Optimised descent project shows significant fuel savings


A consortium of European air navigation service providers (ANSPs) and airlines has optimised numerous arrival flows to nine airports in Europe. A total of 11,467 demonstration flights were conducted. Half of the 33 analysed flows have already been permanently implemented; seven are published in the Aeronautical Information Publication.

Real savings achieved with the project’s demonstration flights amounted to 86 tonnes of fuel savings and a reduction of 270 tonnes of CO2 emissions. On an annual basis, the 33 optimised flows have the potential to generate fuel savings of 3,400 tonnes, which equals more than 10,700 tonnes of CO2 emissions according to calculations by EUROCONTROL.

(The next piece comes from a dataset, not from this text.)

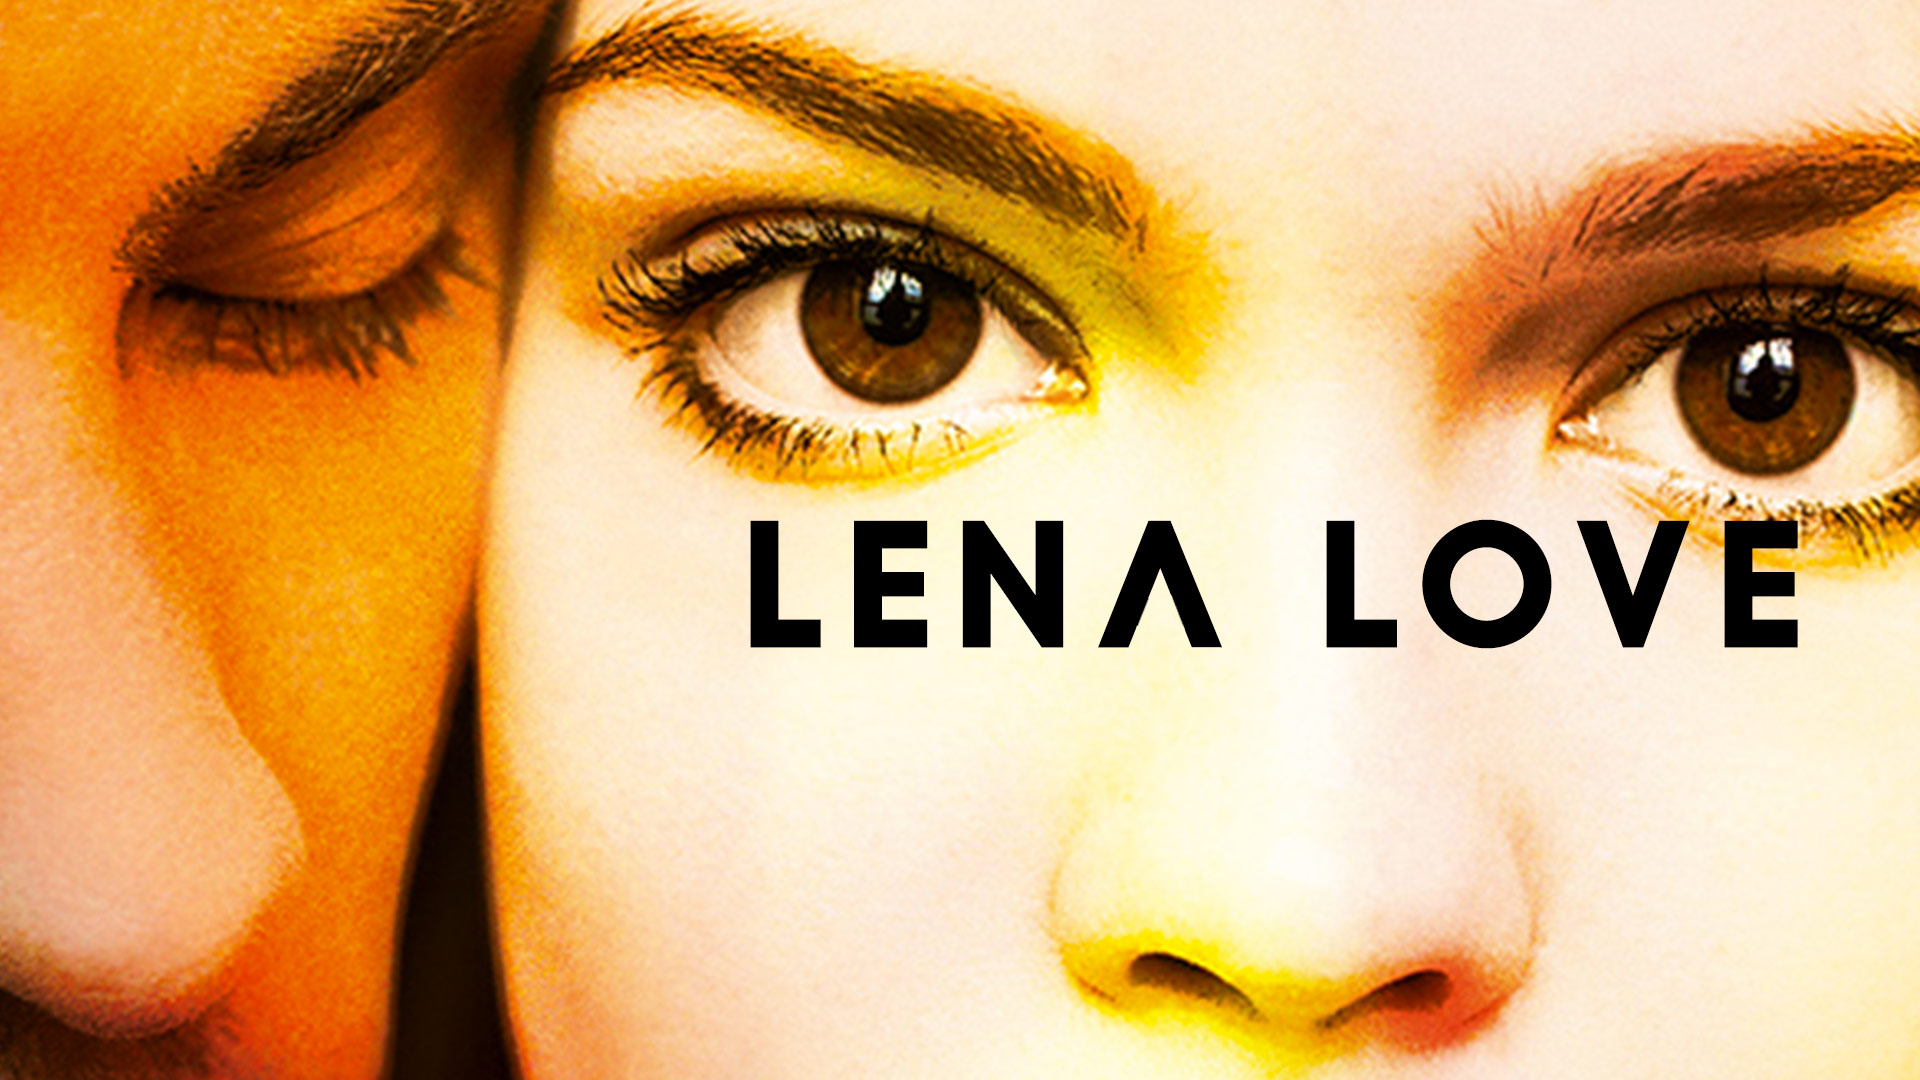 Лена лове. For the Love of Lena.

“The aim was to develop more efficient descent profiles and reduce the environmental impact in busy and complex airspaces and across borders without compromising safety and capacity aspects”, says project manager Ilhan Akin, DFS Deutsche Flugsicherung.

The optimised decent profiles (ODP) project, which was co-funded by the SESAR Joint Undertaking, began its work at the end of 2014 and has just published its final results. It was conducted under the leadership of the German ANSP DFS together with the ANSPs of Austria (Austro Control), France (DSNA) and Switzerland (skyguide), as well as EUROCONTROL’s Maastricht Upper Area Control Centre (MUAC).

Air France (plus HOP!), Deutsche Lufthansa (together with the affiliated Austrian Airlines and Germanwings) and Swiss International Airlines conducted the demonstration flights to the airports of Basel, Berlin Tegel, Frankfurt, Geneva, Munich, Strasbourg, Stuttgart, Vienna and Zurich.

The optimum arrival is a continuous descent, which does not require considerable engine power and thus a reduced amount of fuel. In highly-frequented airspaces, which are shaped by national borders and handover points, this optimum is not always possible. Existing arrival flows can, however, often be improved. For example, instead of fixed handover points, level windows can be defined, which are then programmed in the flight management system of the aircraft. Another way of improving vertical flight efficiency is to remain at cruising altitude for a longer period of time before descending, since fuel consumption is lower at higher levels. The project also used, for example, flexible seasonal or runway dependent handover procedures.

“The project has shown that each and every improvement counts. The optimisations generate fuel savings and thus contribute to a more sustainable air transport in Europe. For the implementation of optimised profiles on a broad basis, a framework and standards need be further developed in close partnership with the airline operators,” explains Akin.